Re: [PATCH 2/2] NFSv4: Fix a state manager thread deadlock regression

Anna Schumaker <schumaker.anna@xxxxxxxxx> · Tue, 26 Sep 2023 10:55:07 -0400

On Sun, Sep 24, 2023 at 1:08 PM Trond Myklebust <trondmy@xxxxxxxxxxxxxxx> wrote:
>
> On Fri, 2023-09-22 at 17:06 -0400, Trond Myklebust wrote:
> > On Fri, 2023-09-22 at 17:00 -0400, Olga Kornievskaia wrote:
> > > On Fri, Sep 22, 2023 at 3:05 PM Trond Myklebust
> > > >
> > > > Oh crap... Yes, that is a bug. Can you please apply the attached
> > > > patch
> > > > on top of the original, and see if that fixes the problem?
> > >
> > > I can't consistently reproduce the problem. Out of several xfstests
> > > runs a couple got stuck in that state. So when I apply that patch
> > > and
> > > run, I can't tell if i'm no longer hitting or if I'm just not
> > > hitting
> > > the right condition.
> > >
> > > Given I don't exactly know what's caused it I'm trying to find
> > > something I can hit consistently.
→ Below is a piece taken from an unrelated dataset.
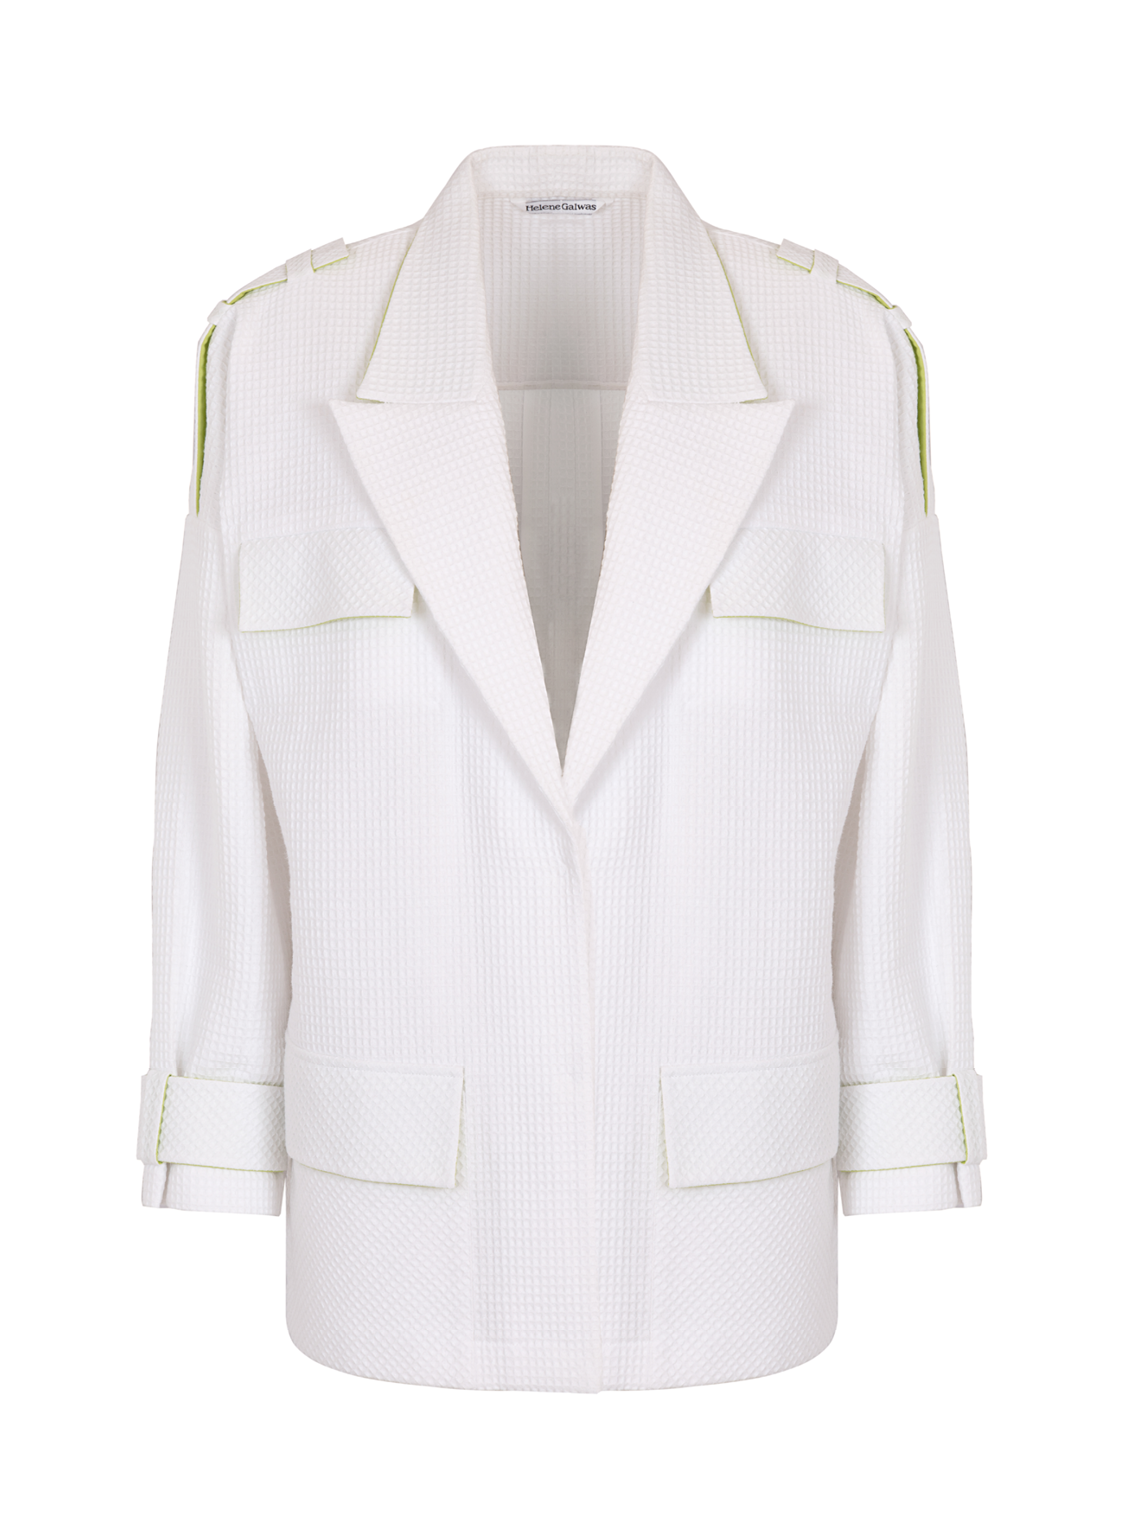 Weiße Oversize Jacke aus Piqué Stoff mit verdeckter Druckknopfleiste und Schulter-Epauletten

Any ideas? I mean this stack
> > > trace
> > > seems to imply a recovery open but I'm not doing any server reboots
> > > or
> > > connection drops.
> > >
> > > >
> >
> > If I'm right about the root cause, then just turning off delegations
> > on
> > the server, setting up a NFS swap partition and then running some
> > ordinary file open/close workload against the exact same server would
> > probably suffice to trigger your stack trace 100% reliably.
> >
> > I'll see if I can find time to test it over the weekend.
>
> >
>
> Yep... Creating a 4G empty file on /mnt/nfs/swap/swapfile, running
> mkswap  and then swapon followed by a simple bash line of
>         echo "foo" >/mnt/nfs/foobar
>
> will immediately lead to a hang. When I look at the stack for the bash
> process, I see the following dump, which matches yours:
>
> [root@vmw-test-1 ~]# cat /proc/1120/stack
> [<0>] nfs_wait_bit_killable+0x11/0x60 [nfs]
> [<0>] nfs4_wait_clnt_recover+0x54/0x90 [nfsv4]
> [<0>] nfs4_client_recover_expired_lease+0x29/0x60 [nfsv4]
> [<0>] nfs4_do_open+0x170/0xa90 [nfsv4]
> [<0>] nfs4_atomic_open+0x94/0x100 [nfsv4]
> [<0>] nfs_atomic_open+0x2d9/0x670 [nfs]
> [<0>] path_openat+0x3c3/0xd40
> [<0>] do_filp_open+0xb4/0x160
> [<0>] do_sys_openat2+0x81/0xe0
> [<0>] __x64_sys_openat+0x81/0xa0
> [<0>] do_syscall_64+0x68/0xa0
> [<0>] entry_SYSCALL_64_after_hwframe+0x6e/0xd8
>
> With the fix I sent you:
>
> [root@vmw-test-1 ~]# mount -t nfs -overs=4.2 vmw-test-2:/export /mnt/nfs
> [root@vmw-test-1 ~]# mkswap /mnt/nfs/swap/swapfile
> mkswap: /mnt/nfs/swap/swapfile: warning: wiping old swap signature.
> Setting up swapspace version 1, size = 4 GiB (4294963200 bytes)
> no label, UUID=1360b0a3-833a-4ba7-b467-8a59d3723013
> [root@vmw-test-1 ~]# swapon /mnt/nfs/swap/swapfile
> [root@vmw-test-1 ~]# ps -efww | grep manage
> root        1214       2  0 13:04 ?        00:00:00 [192.168.76.251-manager]
> root        1216    1147  0 13:04 pts/0    00:00:00 grep --color=auto manage
> [root@vmw-test-1 ~]# echo "foo" >/mnt/nfs/foobar
> [root@vmw-test-1 ~]# cat /mnt/nfs/foobar
> foo
>
> So that returns behaviour to normal in my testing, and I no longer see
> the hangs.
>
> Let me send out a PATCHv2...

I'm liking patch v2 much better! I was testing with a Linux server
with default configuration, and it's nice that the xfstests swapfile
tests aren't hanging anymore :)

Anna

> --
> Trond Myklebust
> Linux NFS client maintainer, Hammerspace
> trond.myklebust@xxxxxxxxxxxxxxx
>
>